舌が痛くなることの原因として、以下の4つの理由が考えられます。

・口内炎、腫瘍、感染症、神経痛などの病気
・口内の汚れによる細菌の繁殖
・入れ歯、歯による刺激
・熱い食べ物や飲み物による火傷

歯磨きが行き届いていなかったり、歯磨きの後のすすぎ残しがあると、食べかすなどで口の中が不衛生な状態になります。そうすると雑菌が繁殖しやすくなり、舌の炎症につながることがあります。
また、サイズの合わない入れ歯を使っていることで舌が刺激されたり、歯で舌を傷つけてしまうことも舌の痛みの原因となります。

舌の痛みを引き起こす病気がある?

一部の舌の痛みは、病気によって引き起こされます。
痛みを引き起こす代表的な病気は以下の通りです。

アフタ性口内炎、カンジダ性口内炎

アフタ性口内炎は口内の粘膜にできる白い口内炎で、再発するケースが多いことから再発性アフタとも呼ばれます。
傷ついた粘膜などにウイルスや細菌が感染することに加え、疲れや精神的ストレスなどが発症原因になる可能性があると考えられています。
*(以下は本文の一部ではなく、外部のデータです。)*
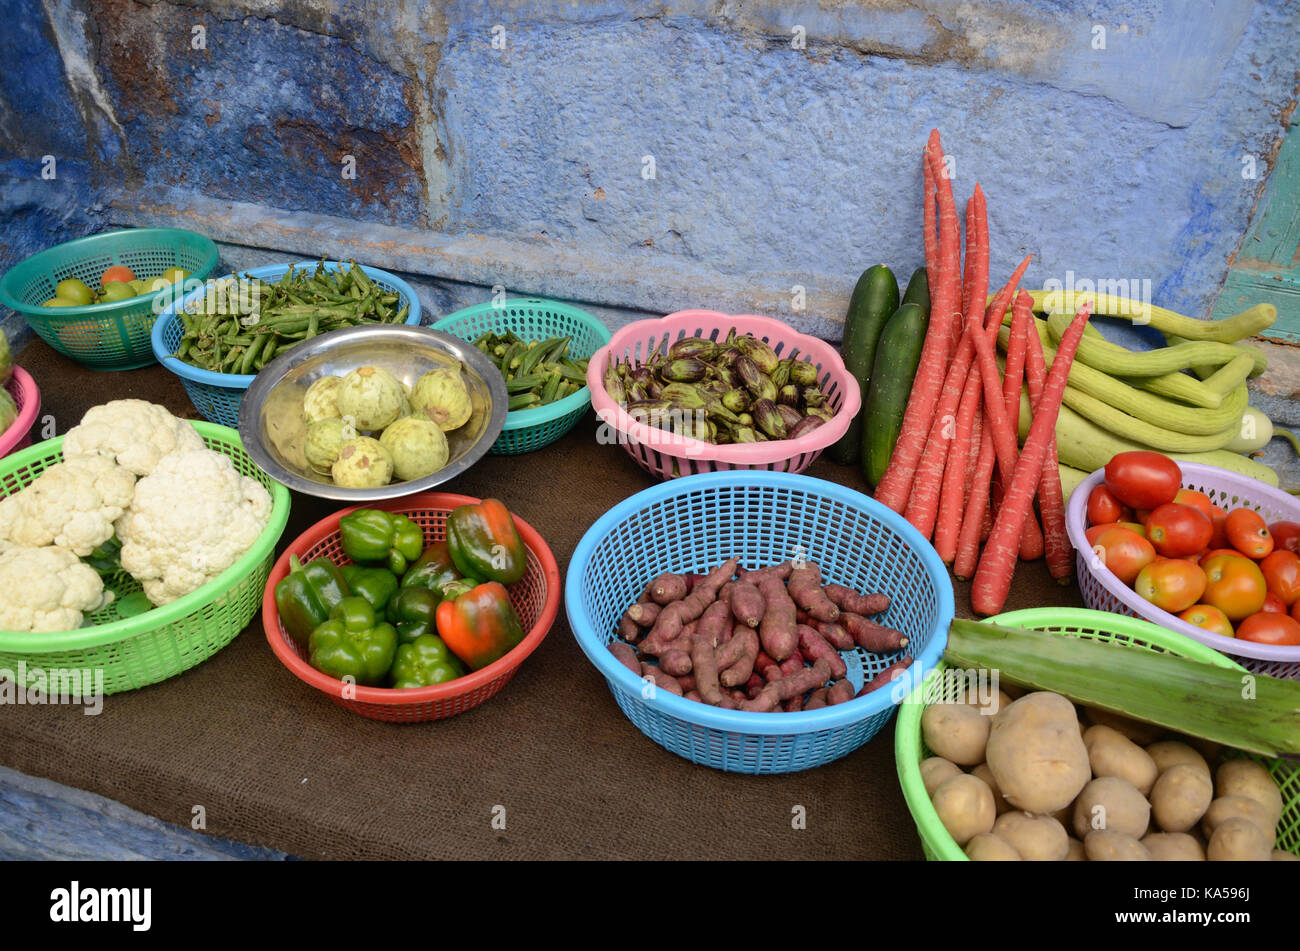 Vegetables stall in narrow lane, jodhpur, rajasthan, India, Asia Stock Photo

カンジダ性口内炎は、カンジダ菌(カビの一種)によって舌にできる口内炎です。
痛みがないことが多く、舌の表面に白いブツブツがたくさん出ます。免疫機能が弱い子供や高齢者、糖尿病などで免疫機能が低下している人は特に発症しやすく、何度も再発していると治りが悪くなるのが特徴です。

舌痛症、舌咽神経痛

舌痛症は舌先、舌のふちがヒリヒリとした痛む症状です。
見た目は通常時とほとんど変わらないのが特徴で、口内の乾燥や味覚症状が現われることがあります。
舌痛症の発症には、精神的ストレスのほか、ビタミンB12や鉄分の不足、虫歯や歯周病、薬の副作用などが関係していると考えられていますが、はっきりとした原因はわかっていません。

舌咽神経痛は、のどの奥にある舌咽神経に異常が起こることで突発的な痛みが生じる病気です。口を大きく開けたときや酸味の強い物を食べたときなどに、強い痛みや鋭い痛みが急に現れます。
痛みはのどの奥で起こることが多く、舌ではなくあごの関節が痛いと感じる人もいるようです。

舌の痛みはどうすれば治る?

痛みの原因によって対処法は異なりますが、舌にできものや炎症がある場合は口腔外科または耳鼻咽喉科で診察してもらうようにしましょう。歯や義歯などによる刺激が原因と考えられる場合は、歯列矯正や義歯の交換などの処置がすすめられることもあるかもしれません。

舌の痛みを予防することはできる?

舌の痛みのほとんどは、口の中をキレイにして細菌の繁殖を防ぐことで予防することができます。
以下のような方法で、口内を清潔に保ちましょう。

・歯磨きは毎食後、丁寧に行う(3分間を目安に)
・うがい薬やマウスウォッシュを使う
・舌用のタブレットや舌磨き専用のブラシで舌苔(ぜったい)を優しく取り除く

おわりに:不快感が長く続くようなら、病院で診てもらおう

「舌が痛い」とひとくちに言っても、痛みの原因や程度は様々で、非常にまれにではありますが、悪性の腫瘍や深刻な病気が隠れている場合もあります。痛みが強い場合や不快感が長期間続くような場合は、病院で診察を受けた方が良いでしょう。